Ia meminta agar proses audit sistem ini segera dilakukan untuk mengidentifikasi penyebab utama keterlambatan. Selain itu, untuk menemukan permasalahan yang menghalangi pelaksanaannya.
“Coretax ini harus dipercepat. Sebenarnya, bagi saya ini sangat jelas; bagaimana mungkin Coretax sudah sepuluh tahun belum juga selesai? Apa yang terjadi? Ini perlu diperhatikan. Oleh karena itu, sekarang sudah saatnya Presiden melakukan audit.
Tidak ada undang-undang yang melarang audit, kan? Presiden bisa mengevaluasi di mana letak kekurangan. Terlebih lagi, Coretax kembali menggunakan sistem lama ini,” ungkap Luhut dalam acara The Economics Insight di Hotel Westin Jakarta, Rabu (19/2).
Baca Juga:
Dia menambahkan bahwa keterhentian dalam pengembangan Coretax dapat mempengaruhi rendahnya rasio pajak di Indonesia, yang masih berada di angka sepuluh persen. Luhut menekankan pentingnya adanya transparansi dan evaluasi yang komprehensif atas sistem ini untuk meningkatkan efektivitas pengelolaan perpajakan.

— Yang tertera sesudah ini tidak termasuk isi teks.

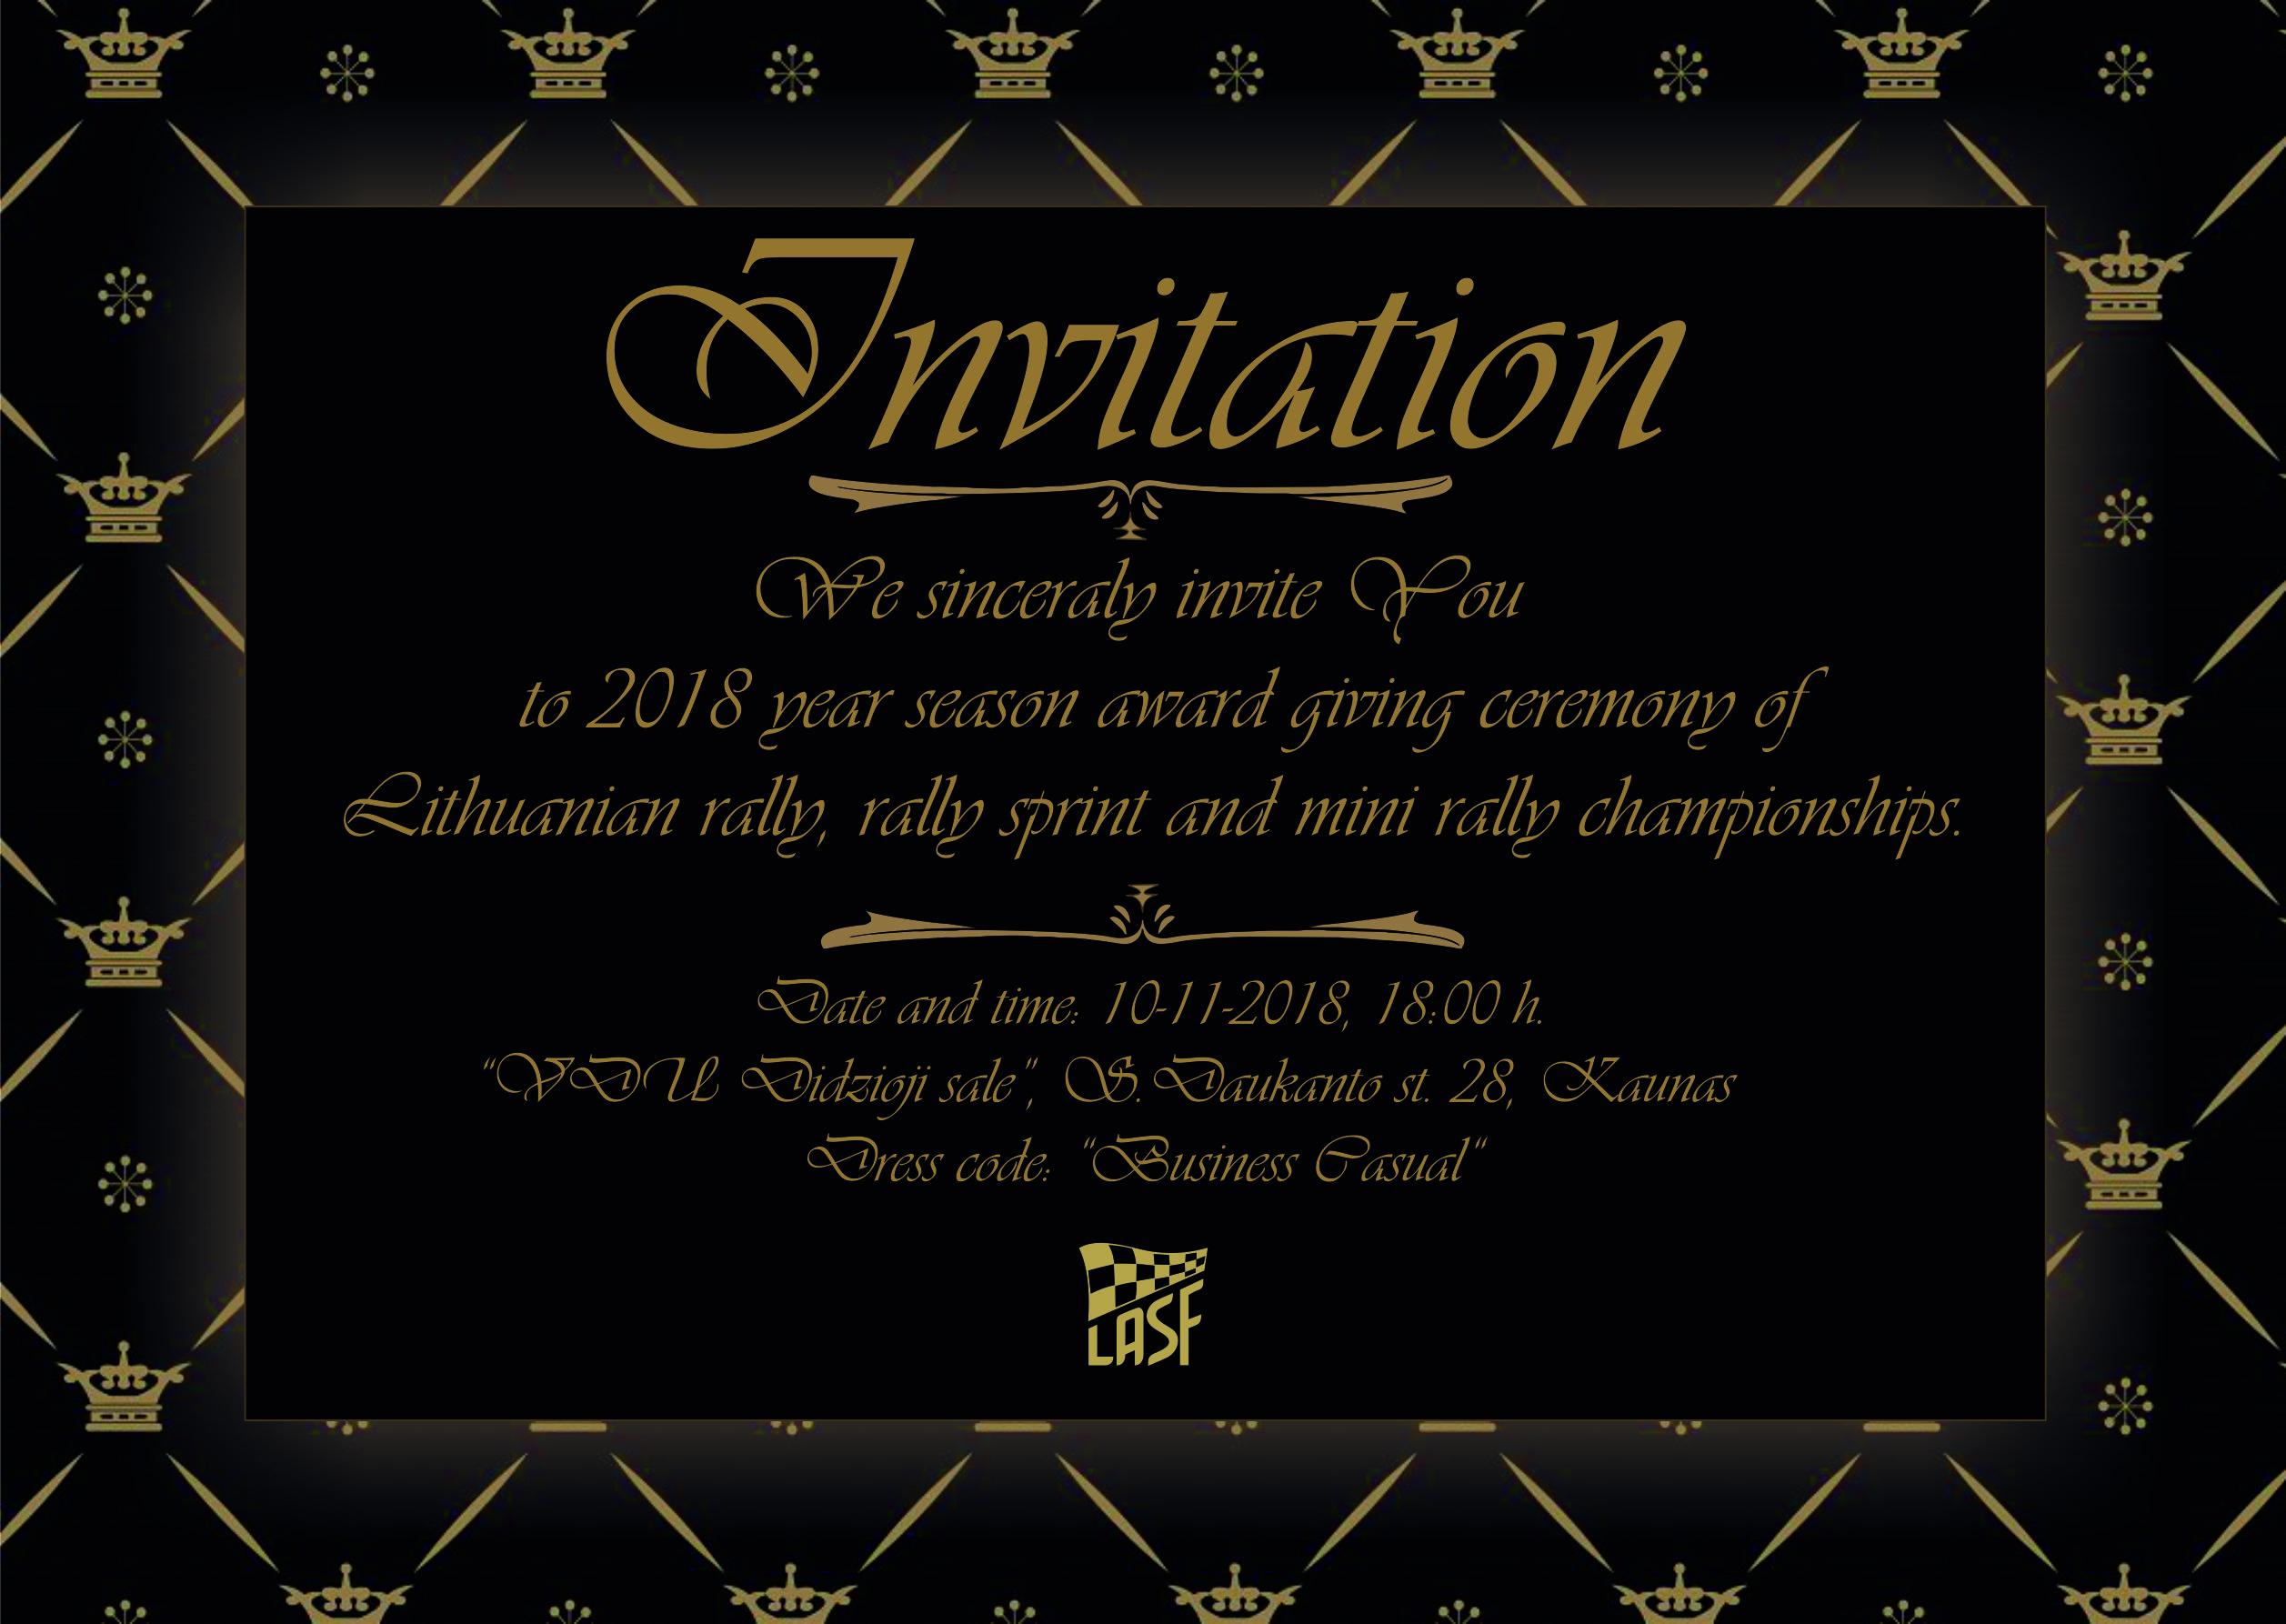 invitation en cmyk

“Situasi seperti ini tidak seharusnya terjadi. Kita harus menanyakan, mengapa rasio pajak kita hanya sepuluh persen? Mengapa tidak bisa meningkat? Pertanyaan ini perlu dijawab dengan melakukan audit agar kita memahami masalah sebenarnya,” tuturnya.
Coretax, yang diluncurkan secara bertahap oleh Direktorat Jenderal Pajak (DJP) sering mengalami berbagai kendala. Di antaranya adalah kesulitan login, masalah saat input data, dan penundaan dalam transaksi.

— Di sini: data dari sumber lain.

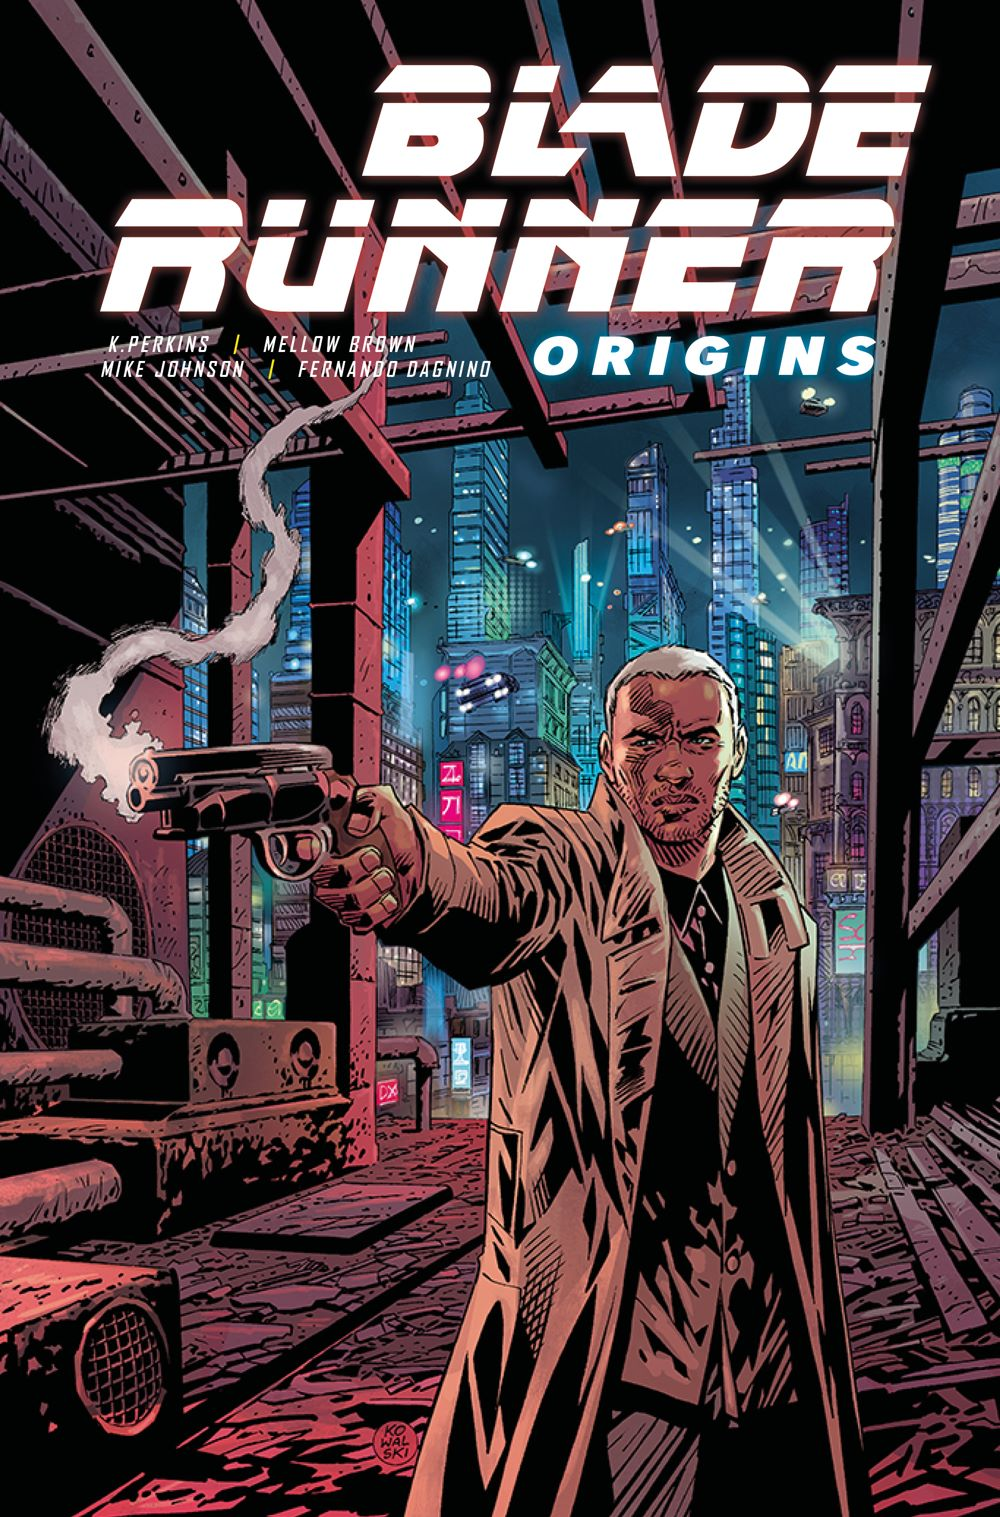 Blade-Runner-Origins_1_E_PIOTR-KOWALSKI ComicList Previews: BLADE RUNNER ORIGINS #1

Komisi XI DPR RI dan Direktorat Jenderal Perpajakan (DJP) Kementerian Keuangan sepakat untuk kembali menggunakan sistem lama dalam urusan perpajakan. Sistem lama yang dimaksud adalah pembayaran dan pelaporan pajak melalui DJP online (pajak.go.id).
Baca Juga:
Puncak Demonstrasi di Indonesia Berlangsung Saat Pelantikan Pejabat Daerah di Istana
“Direktur Jenderal Pajak Kementerian Keuangan agar mengaktifkan kembali sistem perpajakan yang lama sebagai langkah mitigasi dalam pelaksanaan Coretax yang masih dalam penyempurnaan, untuk memastikan tidak mengganggu konektivitas penerimaan pajak,” jelas Misbakhun di Gedung DPR RI, Jakarta, Senin (10/2).
Misbakhun menjelaskan bahwa penggunaan Coretax akan bersamaan dengan sistem lama. Tujuannya agar penerimaan pajak tetap lancar. “Karena pajak ini sangat vital bagi kas negara. Tadi kami menyimpulkan bahwa Ditjen Pajak perlu memanfaatkan kembali sistem perpajakan yang lama,” ungkapannya.
Dia juga menambahkan, meskipun sistem lama digunakan kembali, implementasi Coretax tetap berlangsung. Meskipun menurut Misbakhun, Komisi XI sebelumnya sempat sepakat untuk meminta DJP menunda implementasi Coretax. Dalam hal ini, Direktur Jenderal Pajak Kemenkeu, Suryo Utomo, menyatakan bahwa kedua sistem perpajakan ini akan beroperasi secara bersamaan.